As part of the business’s portfolio diversification strategy, commercialization of both ceramic and non-ceramic products, such as LVTs (Luxury Vinyl Tiles), was intensified through specific sales channels. Additionally, capabilities were developed to manufacture and market ceramic slabs for applications such as kitchen countertops and furniture. This category, which has gained share versus natural stone, complements the business offering with a commercial model distinct from the traditional approach.

Throughout the year, the Tile Business continued participating in trade fairs and exhibitions, both in Mexico and internationally, showcasing new product lines aligned with market trends. These included “Expo Obra Blanca” in Mexico, “Coverings” in the United States, “Revestir” in Brazil and “Cersaie” in Italy.

Additionally, in 2025 the Tile Business held the ninth edition of the Firenze Entremuros Prizes, recognizing the work of leading architects and interior designers in Mexico. The prizes highlight talent, quality, functionality and design, while promoting sophisticated, high-value ceramic products.

During the year, the Tile Business once again demonstrated its agility in adapting to changing environments, maintained and strengthened its leadership across its markets, and expanded its ability to capitalize on opportunities in both traditional markets and new growth avenues.

Adhesives and Insulation Business

During 2025, the Adhesives and Insulation Business faced a complex environment characterized by a continued slowdown in the construction industry, particularly in new construction. Sector uncertainty led to the cancellation and suspension of projects, further impacted by tariffs that affected material availability, costs and the competitiveness of several products within the company’s portfolio. This context had a significant impact on FANOSA’s Insulation and Lightweight Materials Business.

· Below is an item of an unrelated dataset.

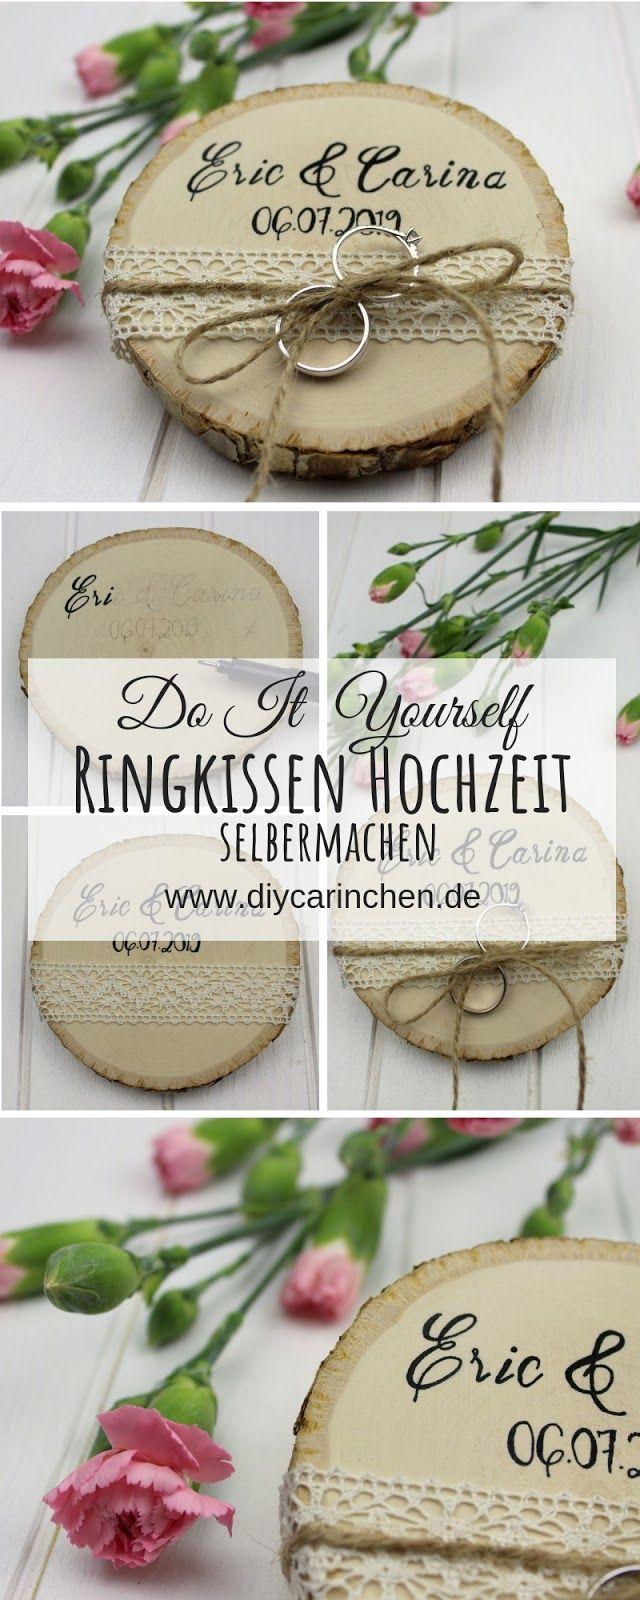 Bricolaje: simplemente haga una almohada de anillo rústica en una rebanada de árbol usted mismo

Despite the challenging conditions and limited market dynamism, the Adhesives Business outperformed the industry, achieving sales of $10,205 million pesos, representing an annual growth of 4%. This achievement is particularly noteworthy given the high comparison base resulting from the business’s record performance in 2024.

Among the year’s key achievements was double-digit growth in stuccos, one of the company’s strategic priorities. The market is adopting these products well as an alternative to traditional mortar and plaster.

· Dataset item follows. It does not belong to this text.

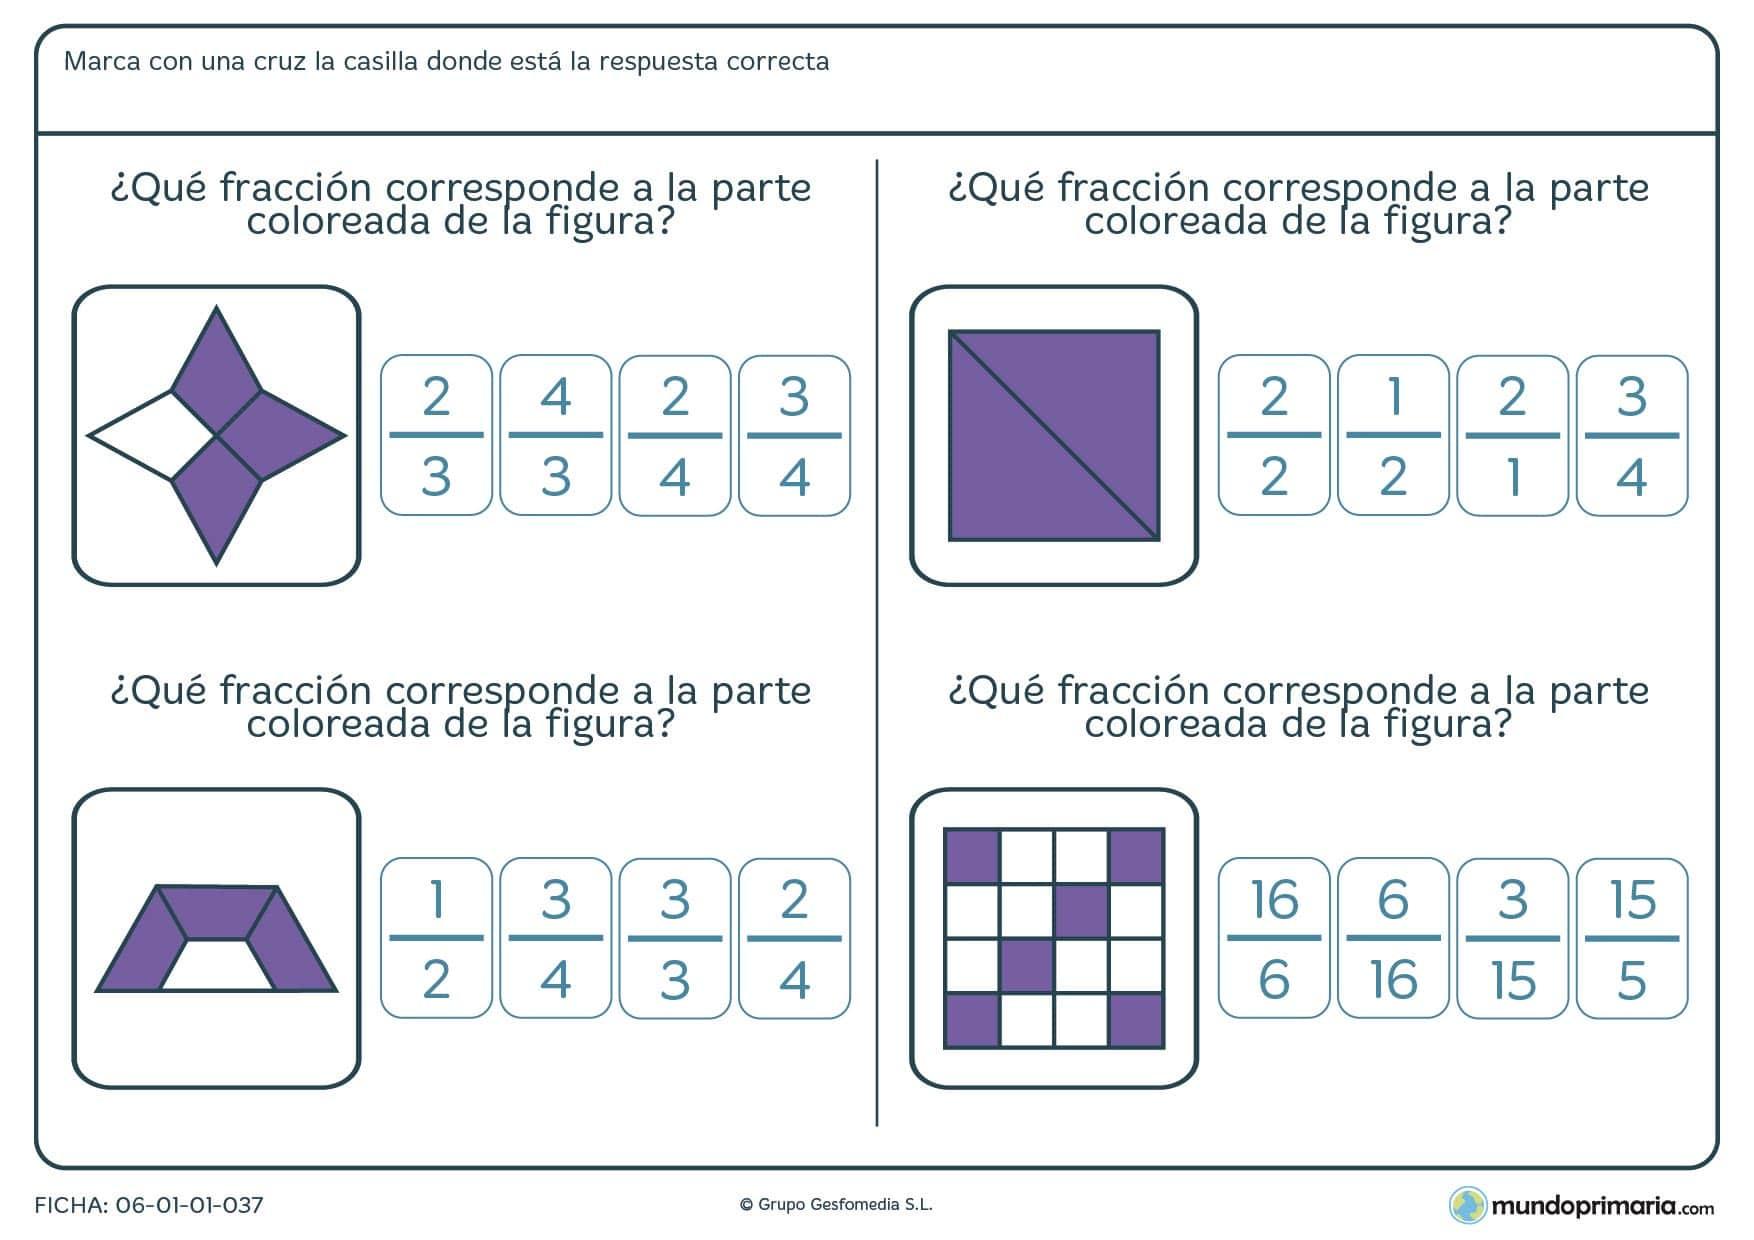 Ficha pensada para que los niños de cuarto de Primaria relacionen la parte coloreada y su fracción correspondiente

During the year, the new FANOSA plant in Rosarito, Baja California, designed to serve the insulation market in Southern California, began operations.

International Adhesives operations also delivered strong performance, with both Chile and Guatemala reporting double-digit revenue growth, expanding the business’s presence outside Mexico.

In terms of innovation, progress was made in developing products with lower environmental impact, reduced water requirements for installation and lower CO₂ emissions. These solutions respond to increasing demand from builders seeking sustainability certifications and the benefits associated with green construction.

Throughout the year, the Adhesives Business participated in various trade fairs and exhibitions, including “Obra Blanca” in Mexico City. It also carried out national campaigns such as “Nobody Installs Floors Like Crest” and organized events such as “Installer Day” to promote its products and enhance installer loyalty.

The Adhesives and Insulation Business is well positioned to continue diversifying and expanding its portfolio, accelerating growth in complementary product lines such as stuccos. It will also continue strengthening its international operations and implementing initiatives to drive sales of insulation and lightweight materials.